これまでにも再三ご指摘している通り、ハウンズとの合同任務であっても、徒らに新人を同行させることは未来ある若き人材を早々に散らしてしまうことになりかねません。


軍警としての任を継続できる人材に値するかの選別に始まり、フィンド被害の実情を認識させ、明日のオガールの治安維持への決意を促す為に不可欠な段階であるとの貴殿の方針をなみする趣意はありませんが、ジャイレン市内での治安維持や国境警備を優先させる等、何卒人員配置を今一度熟考賜りますよう。


コリン・テトラにつきましては内臓の損傷は見られませんが、被弾の衝撃による肋骨の不全骨折を確認致しました。完治したのちも体力の低下が懸念されますので、当面遠隔地への派遣はお控え頂き、体力の回復を最優先にして頂きますようお願い致します。


そしてルツ・コルベットにつきましても、数日間の休暇を付与頂き、静養をお申し付け下さい。


彼は、自身はもとより目の前で同朋をも狙撃され、フィンドに殺害された村人の凄惨な遺体を目の当たりにしています。本来、初任務で負う必要のない過度なストレスを受けた状態と推察致しました。


共感力のある彼は心に深い傷を負っています。慣れぬ生活への順応もままならず、不眠や慢性的な緊張にも悩まされていたようです。
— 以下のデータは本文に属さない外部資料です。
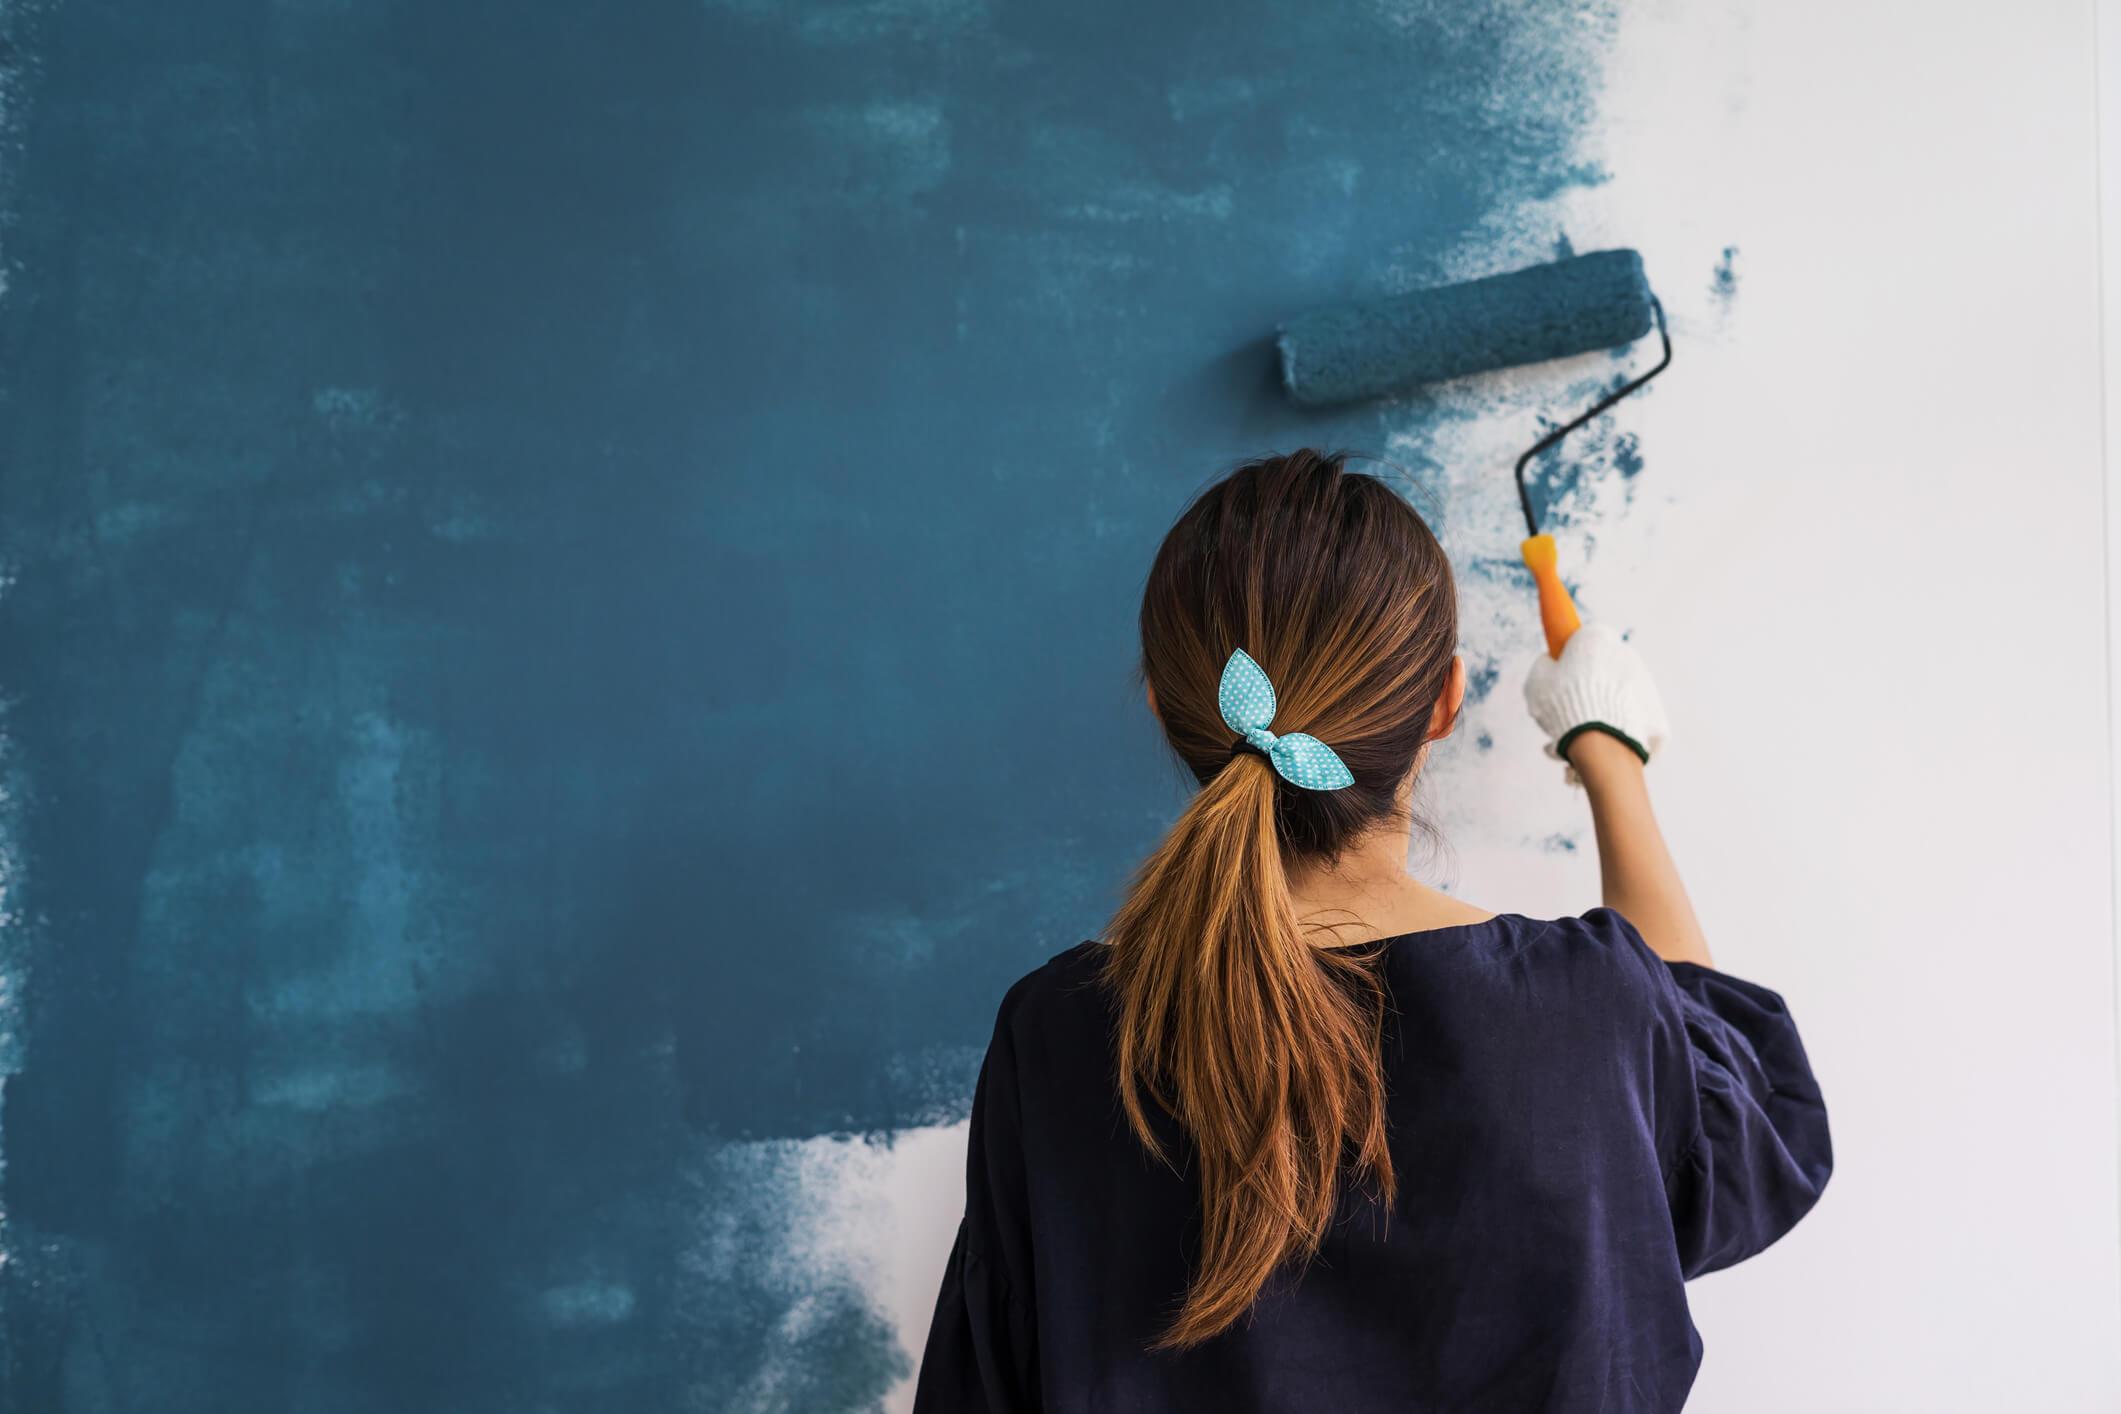 Une femme de dos fait de la peinture chez elle

加えて、思い描いていた理想と直面した現実の狭間で大きな葛藤もあることでしょう。精神状態が上向くまでには、時間を要する可能性があります。


しかし、当方は彼が軍警に不適合であるとは思いません。


彼は己の弱さを認め、軍警として任務を遂行する為に足りないもの、それを補完する為に何をすべきかという課題を直視する力があります。訓練では身につけられない、生来の彼の長ずるものでしょう。
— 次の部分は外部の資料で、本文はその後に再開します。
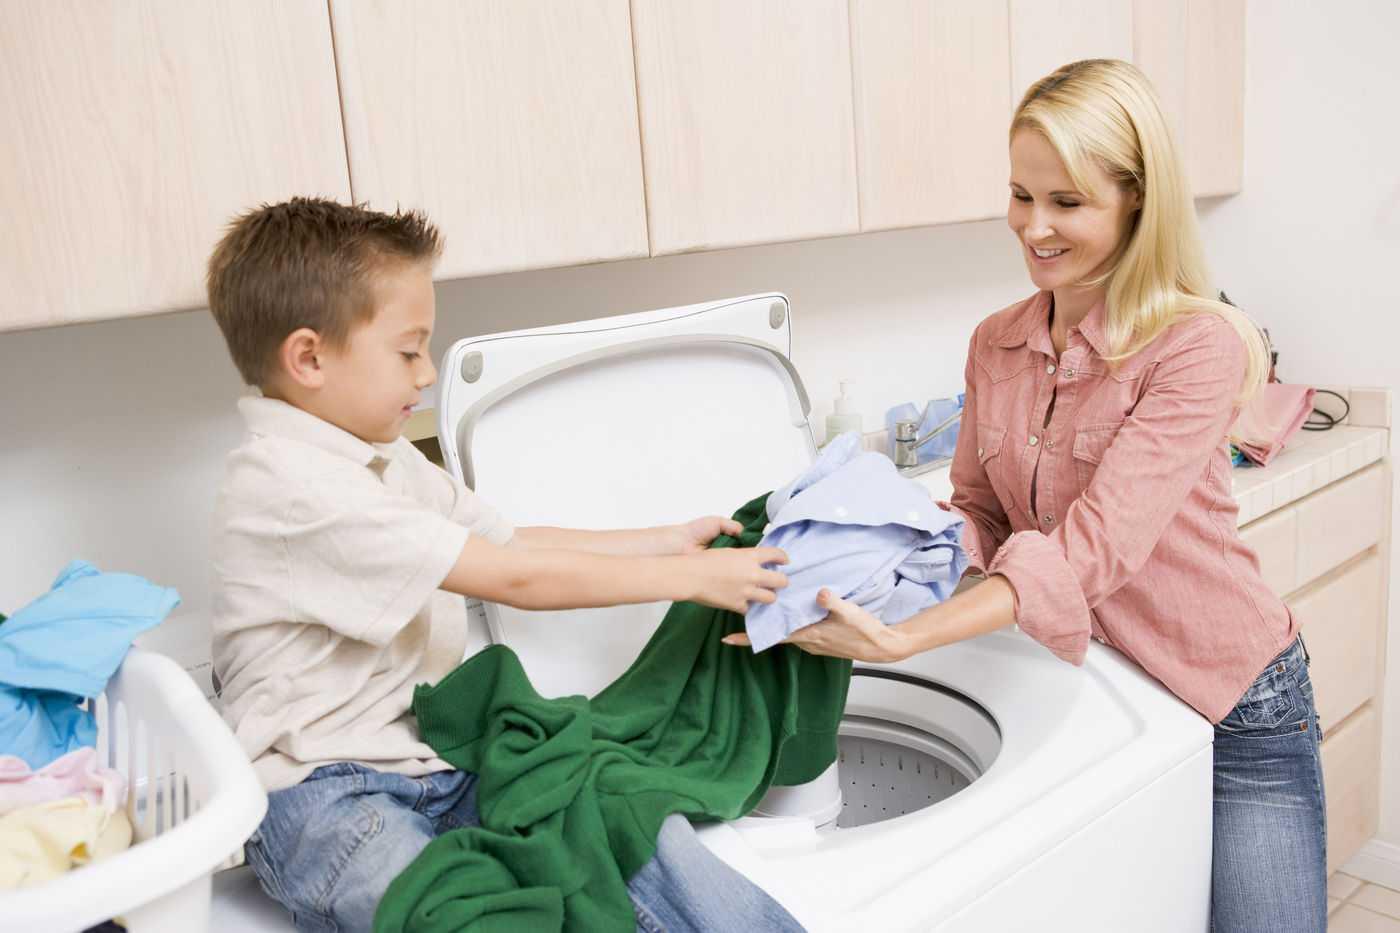 Домашние обязанности по возрасту ребенка: составляем список. какие домашние обязанности можно поручить ребенку?

バイロンで己の不甲斐なさに膝を下り、涙を流した彼は失うには惜しい人材です。どうか、目をかけてやって頂きたい。


優しく、素直な彼は人の悲しみを自分のことのように悲しめる人間です。それ故にフィンド被害に遭った方の苦悩に寄り添い、それを士気に変えて戦える可能性を秘めていると考えています。


現状では力不足であることは否めませんが、十分に休養させて頂き、彼の佳処を更に引き出すことが叶いますよう、願っております。


手前勝手な手紙を唐突に差し上げる運びとなったことを重ねてお詫び申し上げますが、何卒宜しく願い致します。



ミジャンカ・コラケム



         ◇◇◇


 頭語もつけずにつらつらと書かれた手紙。一見慇懃であるはずの文面からは、礼儀作法に隙のない筈のミジャンカからの隠れた遺憾の意が滲み出ていているかのようで、ハンスは少しばかり眉を下げて微笑んだ。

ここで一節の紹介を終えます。